- **SUPPLIED MATERIAL**

----

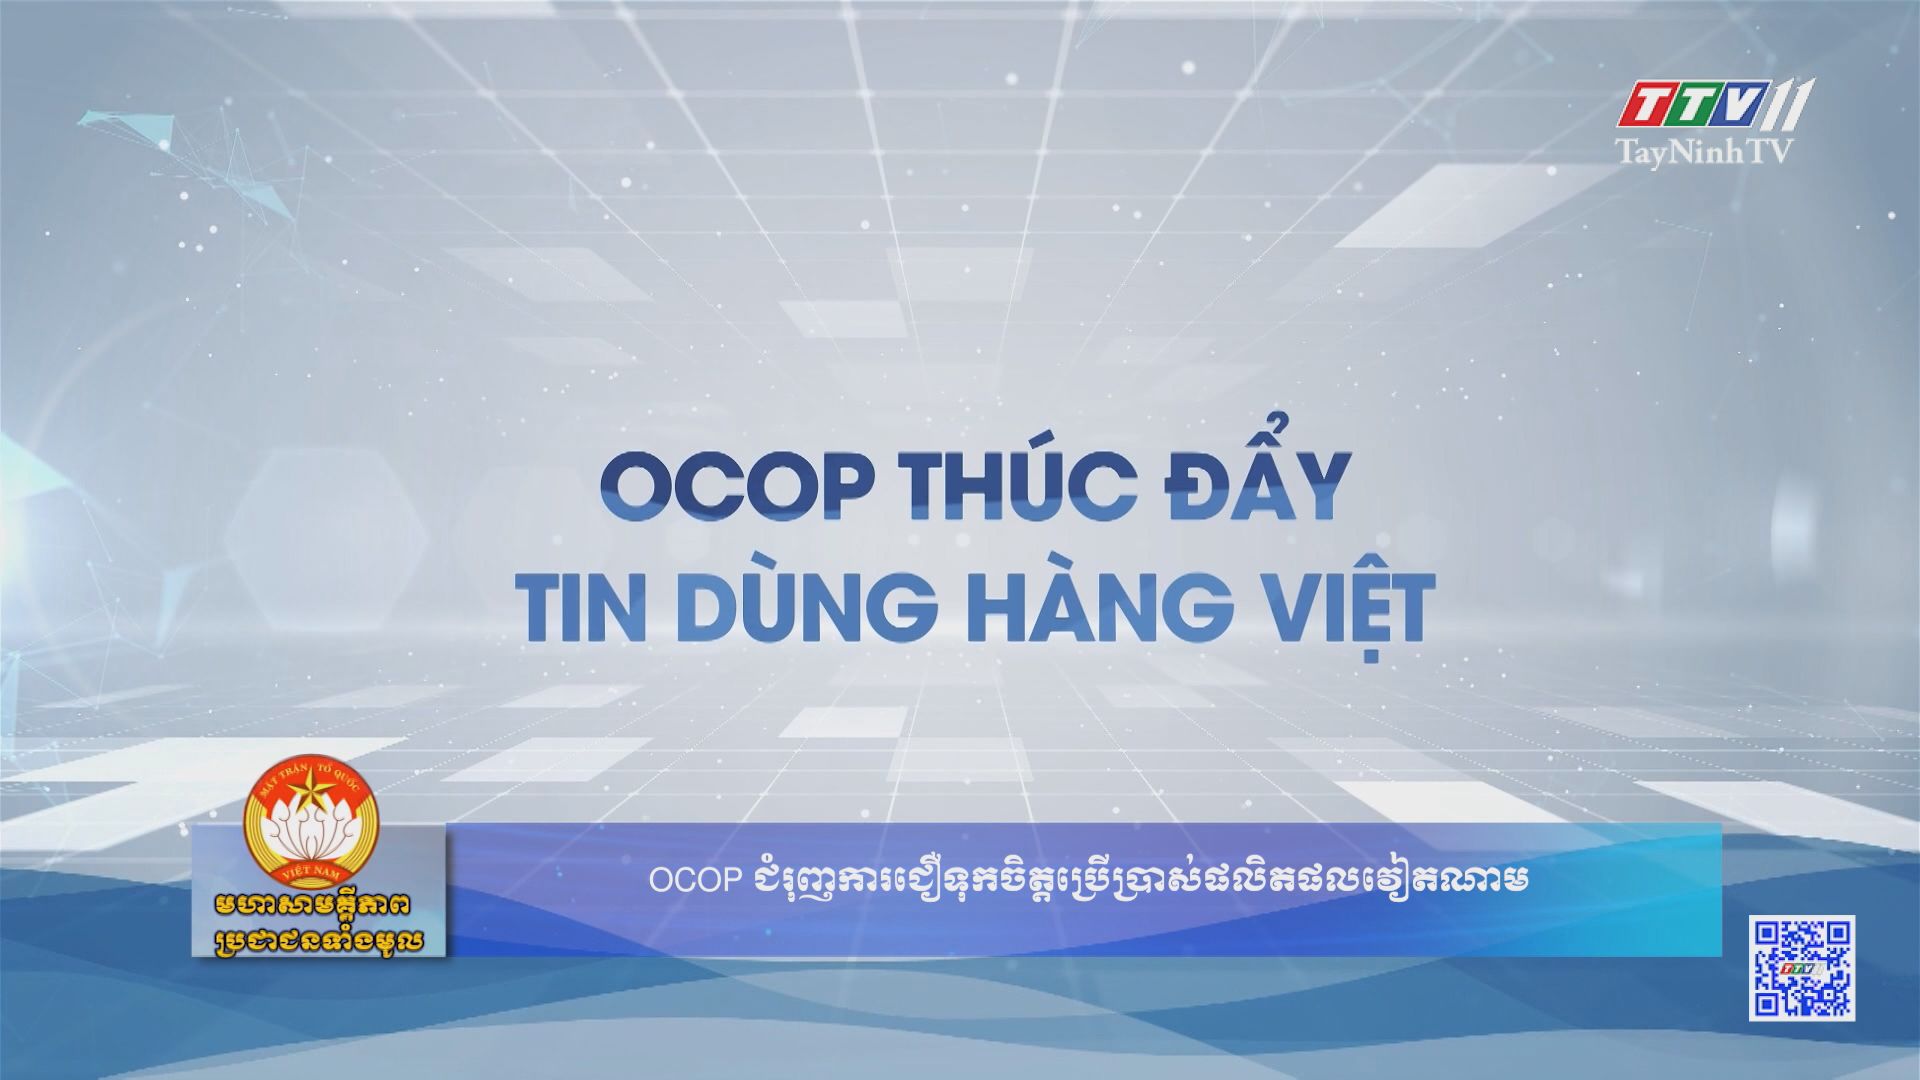 OCOP thúc đẩy tin dùng hàng Việt | ĐẠI ĐOÀN KẾT TOÀN DÂN | TayNinhTV
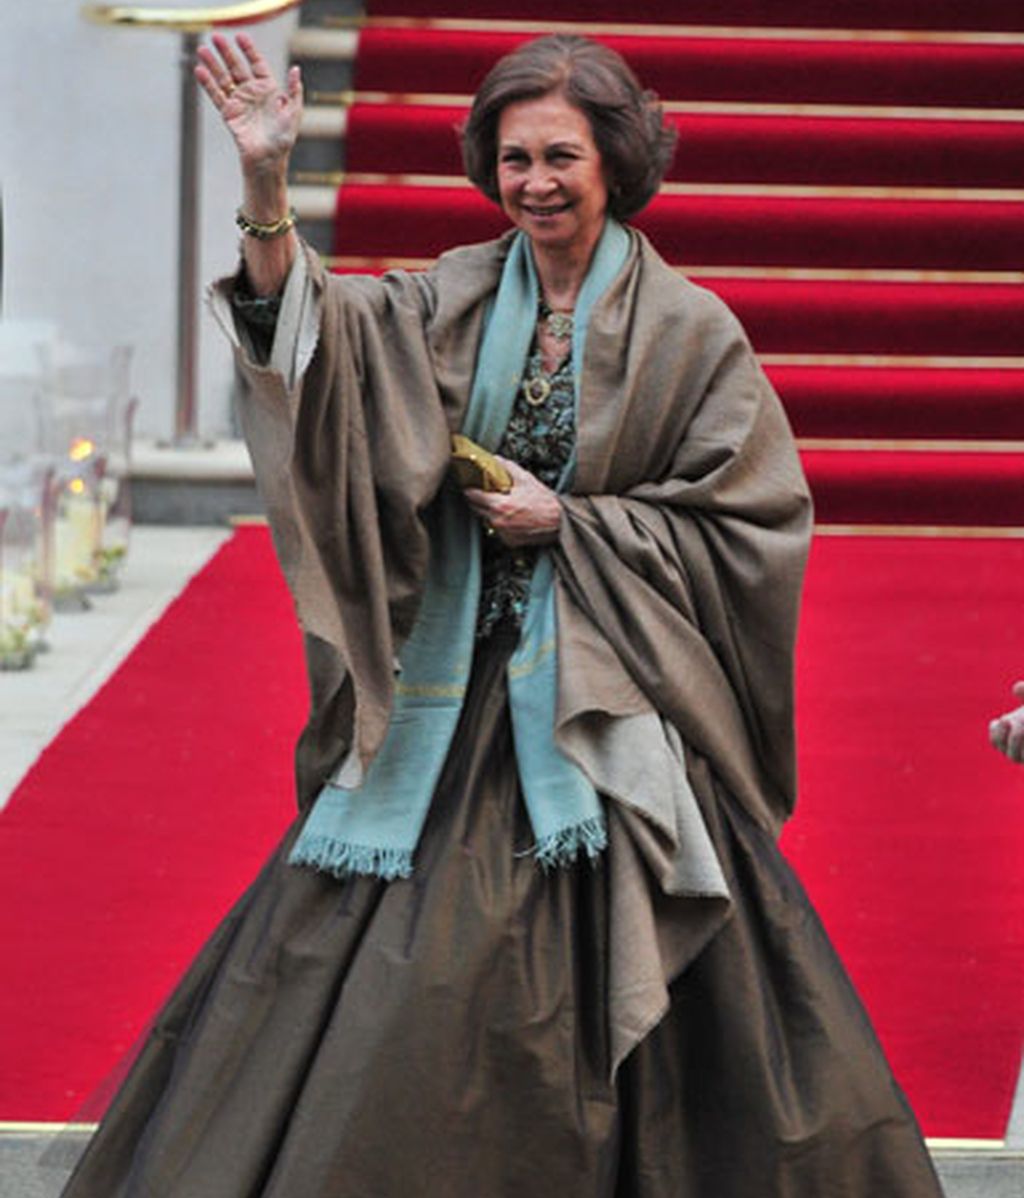 La Reina Sofía, arriesgada en el vestir
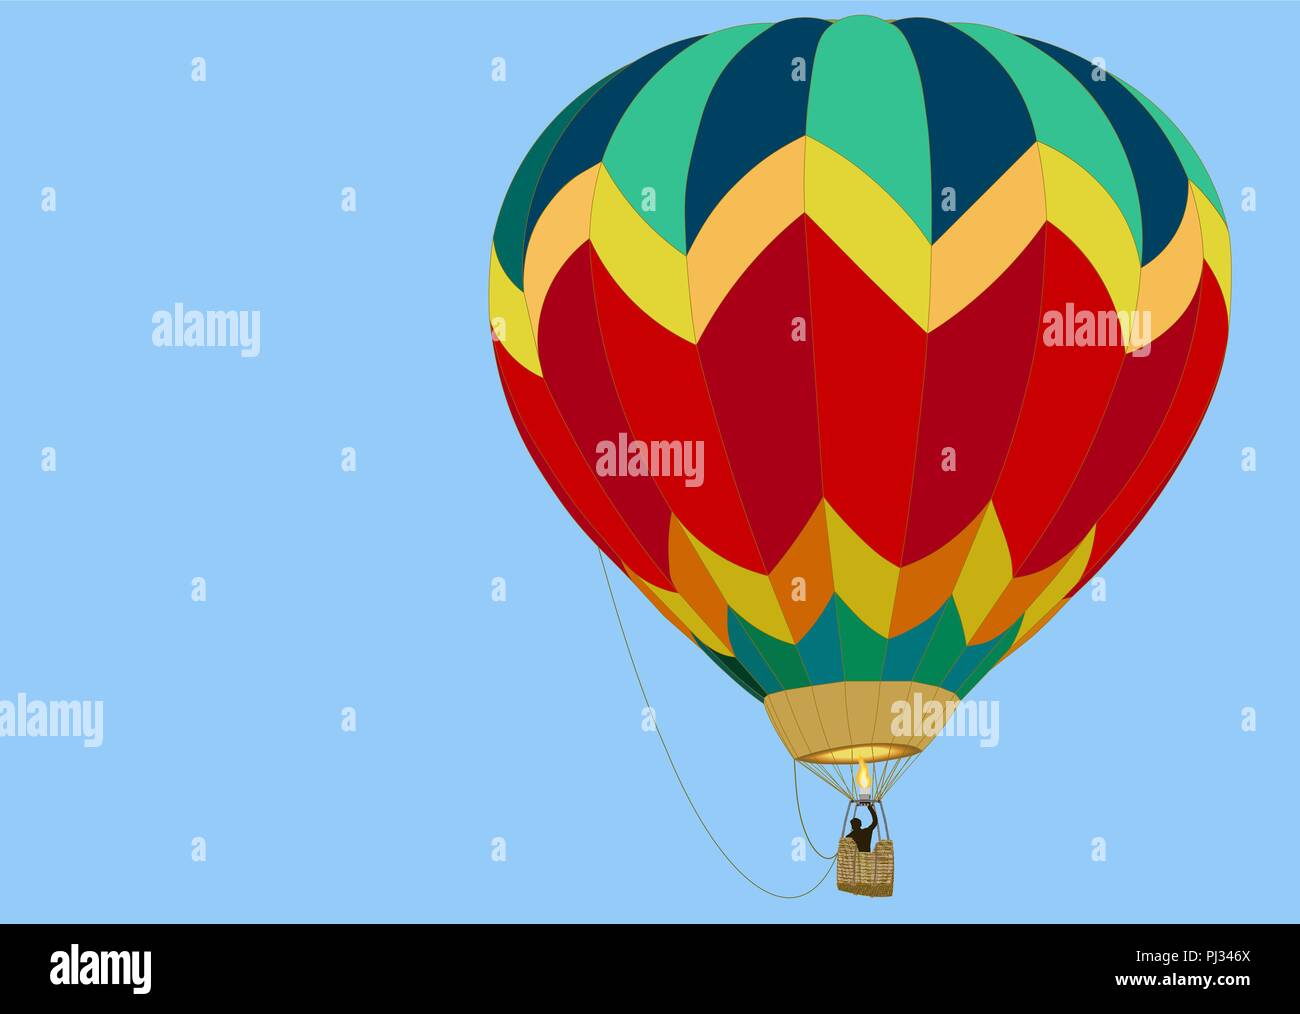 Ballon mit einem Korb und eine Flamme aus einem Brenner, schwebt in einem blauen Himmel Stock Vektor
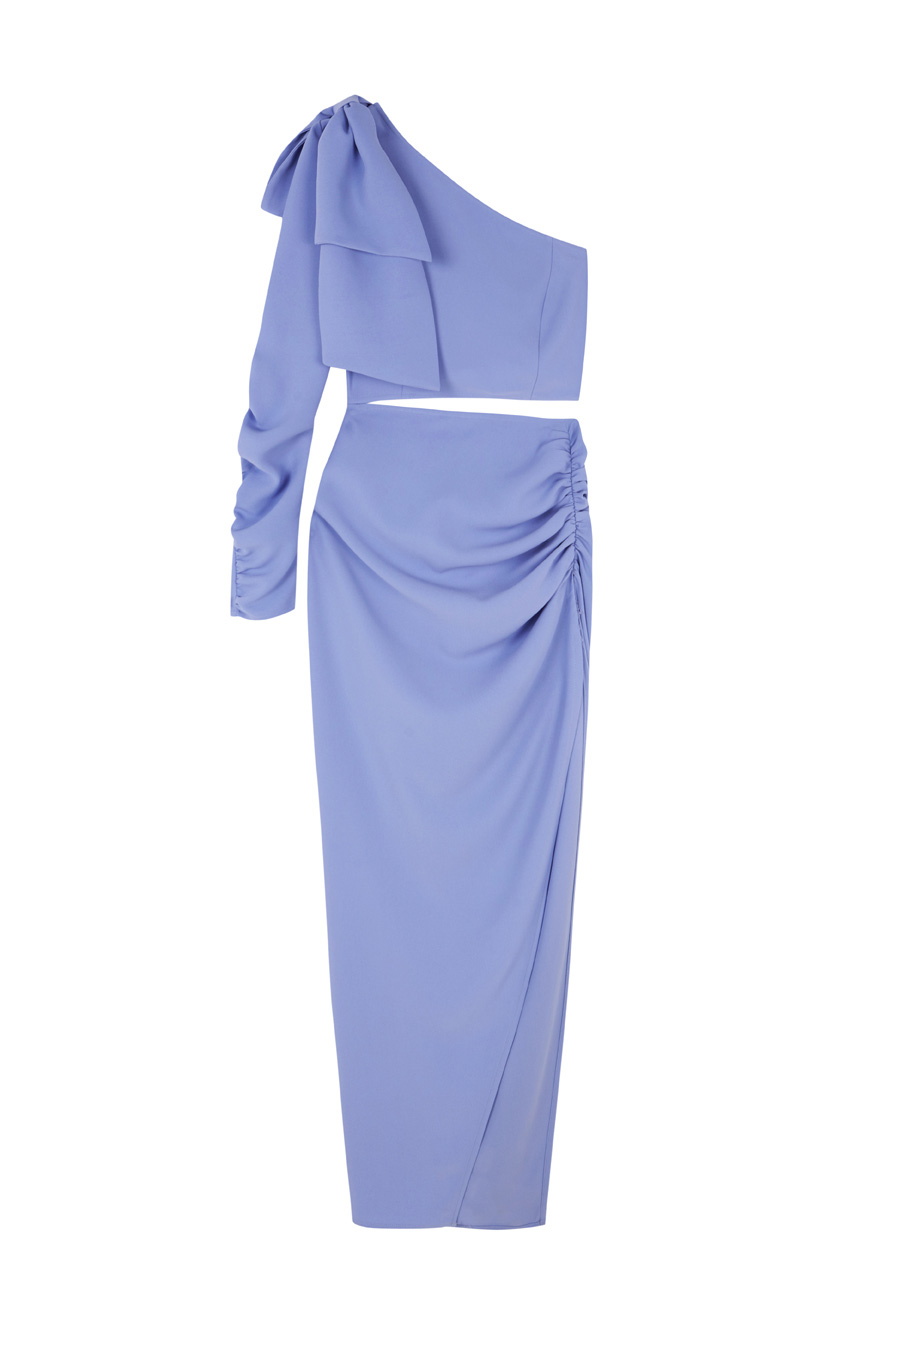 Vestido azul asimentrico con una manga y abertura lateral

----

Omit pictures and output the listing exactly.

- **EXERCISE SOLUTION**
 OCOP thúc đẩy tin dùng hàng Việt | ĐẠI ĐOÀN KẾT TOÀN DÂN | TayNinhTV
 La Reina Sofía, arriesgada en el vestir
 Ballon mit einem Korb und eine Flamme aus einem Brenner, schwebt in einem blauen Himmel Stock Vektor
 Vestido azul asimentrico con una manga y abertura lateral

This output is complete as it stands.